▸ **PROBLEM TO WORK ON**
From the listing that follows, reproduce only the lines from the one holding "Schematic diagram of mirror transformation" through the one holding "Save the Date", both included, with no pictures.

▸ **MATERIALS PROVIDED**
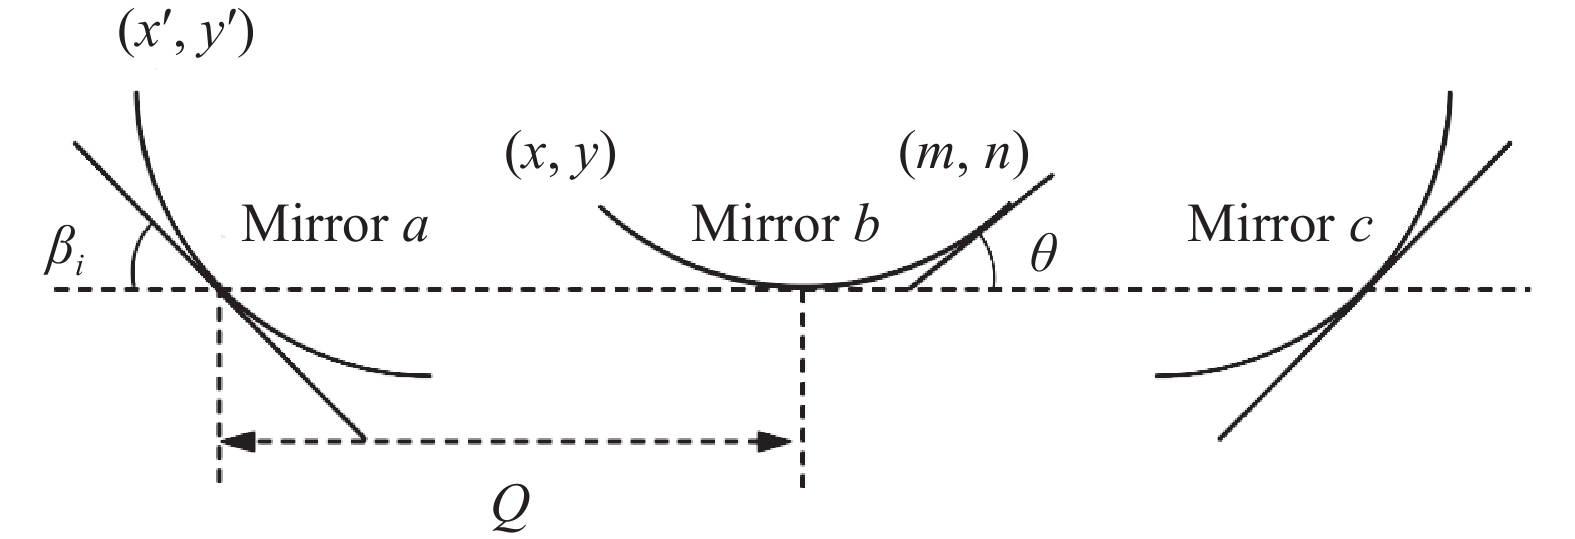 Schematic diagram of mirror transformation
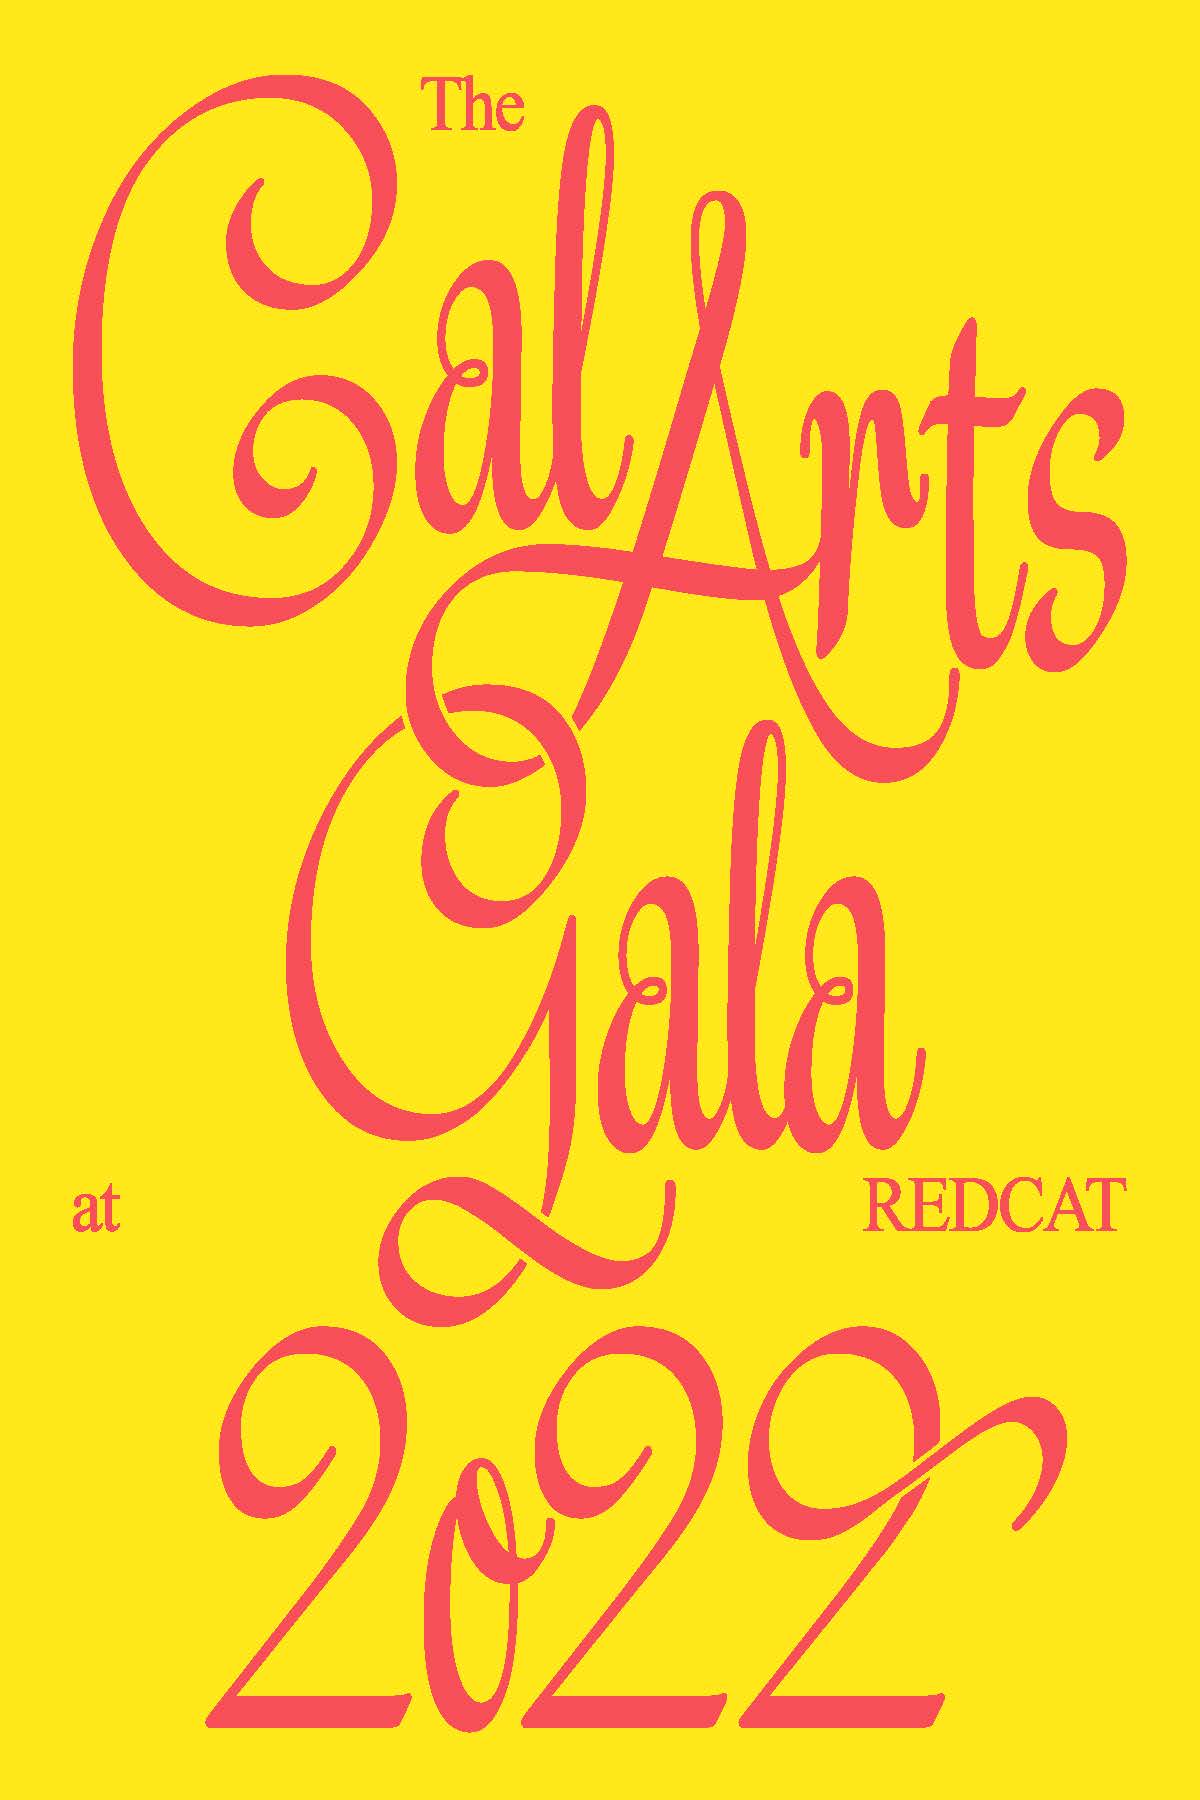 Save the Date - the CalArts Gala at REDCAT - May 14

---

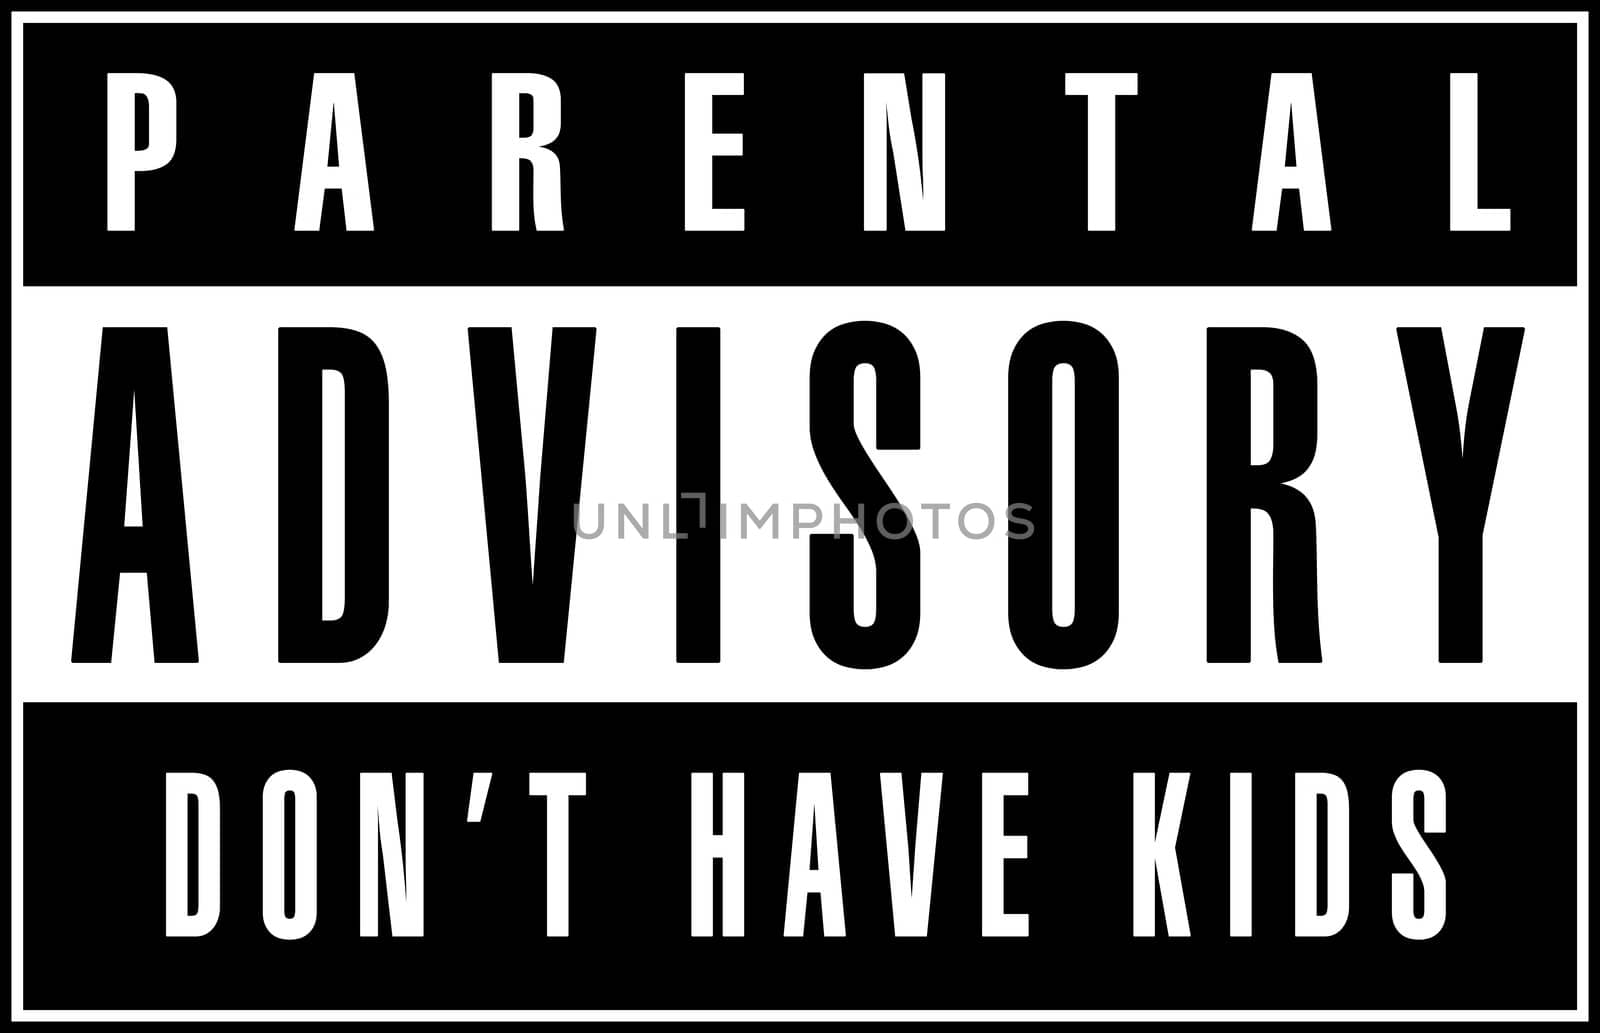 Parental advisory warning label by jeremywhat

▸ **COMPLETED TASK**
 Schematic diagram of mirror transformation
 Save the Date - the CalArts Gala at REDCAT - May 14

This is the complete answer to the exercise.